> [WHAT IS NEEDED]
From the entries below, copy exactly the lines from the one that contains "Have a spooky week" through the one that contains "Learn more about", both included, and only those.

> [GIVEN INFORMATION]
- - - -

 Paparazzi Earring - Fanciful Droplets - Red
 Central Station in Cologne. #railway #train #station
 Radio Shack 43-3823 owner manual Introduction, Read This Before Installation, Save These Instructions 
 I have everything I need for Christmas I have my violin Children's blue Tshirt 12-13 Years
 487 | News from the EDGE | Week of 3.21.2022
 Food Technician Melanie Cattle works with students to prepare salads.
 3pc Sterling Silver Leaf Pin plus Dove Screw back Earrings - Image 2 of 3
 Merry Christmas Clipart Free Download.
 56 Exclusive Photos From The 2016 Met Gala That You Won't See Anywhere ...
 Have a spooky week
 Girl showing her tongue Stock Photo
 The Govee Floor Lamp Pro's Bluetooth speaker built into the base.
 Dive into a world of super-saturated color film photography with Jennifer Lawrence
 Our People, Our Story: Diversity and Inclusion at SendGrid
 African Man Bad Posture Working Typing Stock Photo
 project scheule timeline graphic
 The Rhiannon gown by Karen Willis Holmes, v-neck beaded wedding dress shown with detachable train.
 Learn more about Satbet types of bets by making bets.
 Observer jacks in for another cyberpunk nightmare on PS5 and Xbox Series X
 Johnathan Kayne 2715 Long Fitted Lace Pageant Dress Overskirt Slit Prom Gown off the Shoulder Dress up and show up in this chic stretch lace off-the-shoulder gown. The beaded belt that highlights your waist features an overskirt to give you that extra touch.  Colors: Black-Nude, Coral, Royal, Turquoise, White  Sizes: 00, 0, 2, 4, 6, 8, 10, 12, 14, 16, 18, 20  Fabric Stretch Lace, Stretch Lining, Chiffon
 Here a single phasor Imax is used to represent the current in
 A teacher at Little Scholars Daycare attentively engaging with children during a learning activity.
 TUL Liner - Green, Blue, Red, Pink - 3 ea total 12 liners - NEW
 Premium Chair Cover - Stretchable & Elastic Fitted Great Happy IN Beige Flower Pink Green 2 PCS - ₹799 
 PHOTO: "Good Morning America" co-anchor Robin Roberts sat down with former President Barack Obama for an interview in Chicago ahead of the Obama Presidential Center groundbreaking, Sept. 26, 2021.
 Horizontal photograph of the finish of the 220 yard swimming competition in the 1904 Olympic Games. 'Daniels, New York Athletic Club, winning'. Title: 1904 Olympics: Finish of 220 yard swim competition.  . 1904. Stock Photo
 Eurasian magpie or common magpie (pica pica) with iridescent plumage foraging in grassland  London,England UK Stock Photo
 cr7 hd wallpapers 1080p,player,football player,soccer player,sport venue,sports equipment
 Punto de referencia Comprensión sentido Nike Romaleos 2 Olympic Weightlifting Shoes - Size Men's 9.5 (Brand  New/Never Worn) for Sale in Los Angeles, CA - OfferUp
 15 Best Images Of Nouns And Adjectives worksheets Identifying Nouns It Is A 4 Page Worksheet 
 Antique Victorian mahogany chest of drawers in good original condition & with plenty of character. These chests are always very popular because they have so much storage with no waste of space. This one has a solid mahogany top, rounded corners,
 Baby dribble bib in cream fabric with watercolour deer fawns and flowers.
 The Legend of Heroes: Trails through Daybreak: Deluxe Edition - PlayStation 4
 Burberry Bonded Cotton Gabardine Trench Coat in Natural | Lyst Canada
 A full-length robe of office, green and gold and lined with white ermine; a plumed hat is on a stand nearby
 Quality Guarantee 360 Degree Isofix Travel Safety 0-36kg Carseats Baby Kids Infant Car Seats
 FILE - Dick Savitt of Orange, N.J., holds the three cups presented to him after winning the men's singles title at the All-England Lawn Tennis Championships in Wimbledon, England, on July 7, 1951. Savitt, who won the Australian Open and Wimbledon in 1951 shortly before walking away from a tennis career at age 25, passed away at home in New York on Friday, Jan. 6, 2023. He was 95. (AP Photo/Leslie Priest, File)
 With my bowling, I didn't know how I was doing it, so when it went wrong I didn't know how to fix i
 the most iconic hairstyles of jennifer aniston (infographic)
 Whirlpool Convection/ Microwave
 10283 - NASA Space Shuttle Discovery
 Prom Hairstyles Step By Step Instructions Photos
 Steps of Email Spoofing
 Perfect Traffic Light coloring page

- - - -

> [ANSWER TO THIS EXERCISE]
 Have a spooky week
 Girl showing her tongue Stock Photo
 The Govee Floor Lamp Pro's Bluetooth speaker built into the base.
 Dive into a world of super-saturated color film photography with Jennifer Lawrence
 Our People, Our Story: Diversity and Inclusion at SendGrid
 African Man Bad Posture Working Typing Stock Photo
 project scheule timeline graphic
 The Rhiannon gown by Karen Willis Holmes, v-neck beaded wedding dress shown with detachable train.
 Learn more about Satbet types of bets by making bets.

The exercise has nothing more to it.